Apr 302024
 

(We present Wil Cifer‘s review of the new album by Austin-based Glassing, which was released last week by Pelagic Records.)

Twin Dream was a perfect album. Glassing are perfecting the art of perfection with From the Other Side of the Mirror. The heaviness here is more biting. The melodies are more textured and haunting. These are conclusions I came to only four songs in.

Granted, a piece like “Sallow” is more of an ambient interlude, but “Defacer” has serious sonic teeth, and can have you head-banging before your second cup of coffee. With Twin Dream what they were doing was more easily defined. It had hardcore kids making atmospheric sludge. This time around more colors of sound are being explored.

They tap into the place where shoe-gazing black metal meets the more eerie moments of sludge. “Nominal Will” would not sound out of place on a Deafheaven album. The vocals shriek and the drumming creates a moving barrage while avoiding blast beats.

If you have read any of my previous reviews here, you might be aware that I feel when musicians can invoke darkness with their instruments that is the pinnacle of heaviness. For it becomes not just being able to dial in a sound, but striking deep emotional chords that conjure images of mental illness and capture the feeling of crushing depression made flesh. This is what they accomplish in the song “Ritualist”

Then the album begins to descend into harsh outbursts, from the frantic thrashing frenzy of “As My Heart Rots” to another return to black metal on “Circle Down”, though they do not linger on the blast beats for long as they eventually build things up to a tempestuous tension as the song climaxes.

The first half of the album found a lush atmosphere counterbalancing the more unsettled explosions. The latter half is more volatile and confrontational. They drone out the ambience going into “Kestrel Goes”. It’s part of the journey, not unlike the way expansive sounds sprawl out on an album like The Downward Spiral. These indulgences are paid off with songwriting on songs like “Wake”, which closes the album in a manner that gives open-minded fans of heavy music almost everything they could want in a song.
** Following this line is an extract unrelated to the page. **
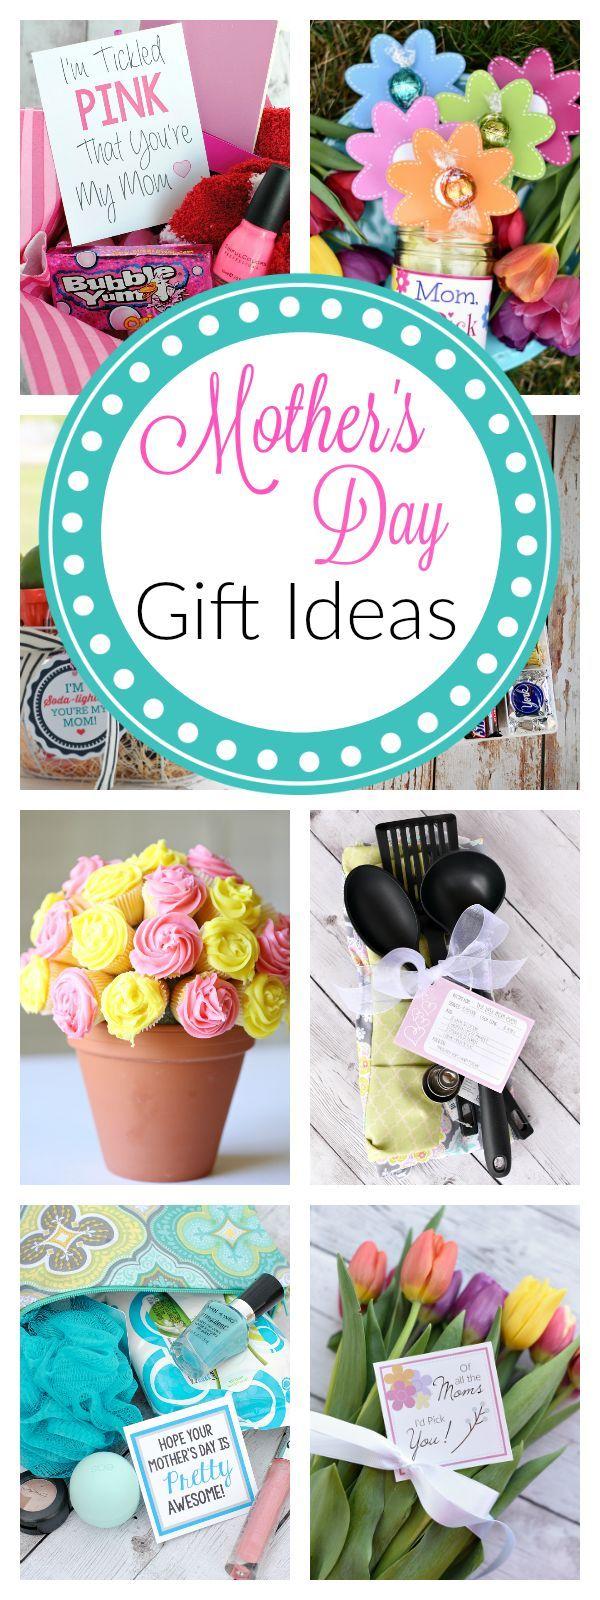 434 best handmade gift ideas images on pinterest gifts homemade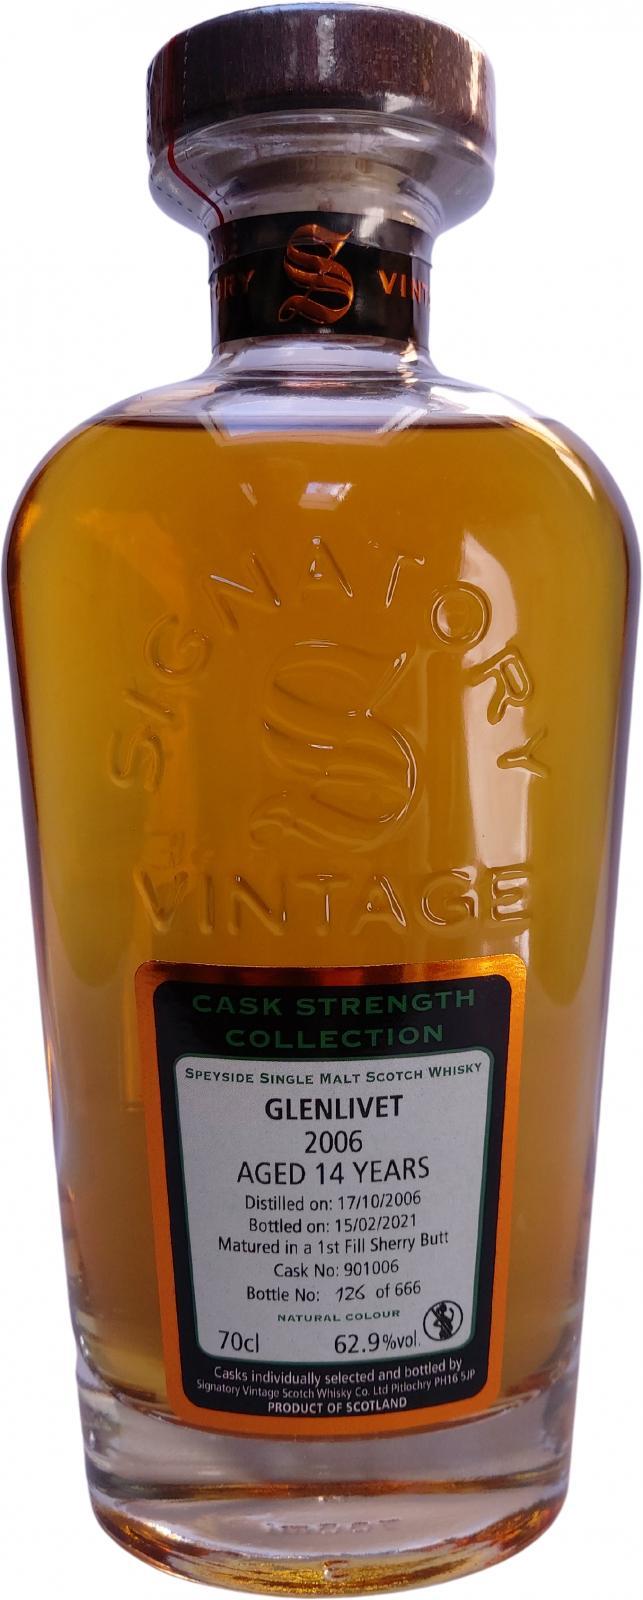 Glenlivet 2006 SV

Sure, there is more black-gazing going on here than in the last album, but the songwriting is even more refined, making this an album that despite the emotional weight it hits you with is an easy entertaining listen with a great deal of depth. Glassing show you can make “extreme” heavy music, and still bring melody and songwriting hooks to the table. This album raises the bar for other heavy releases this year.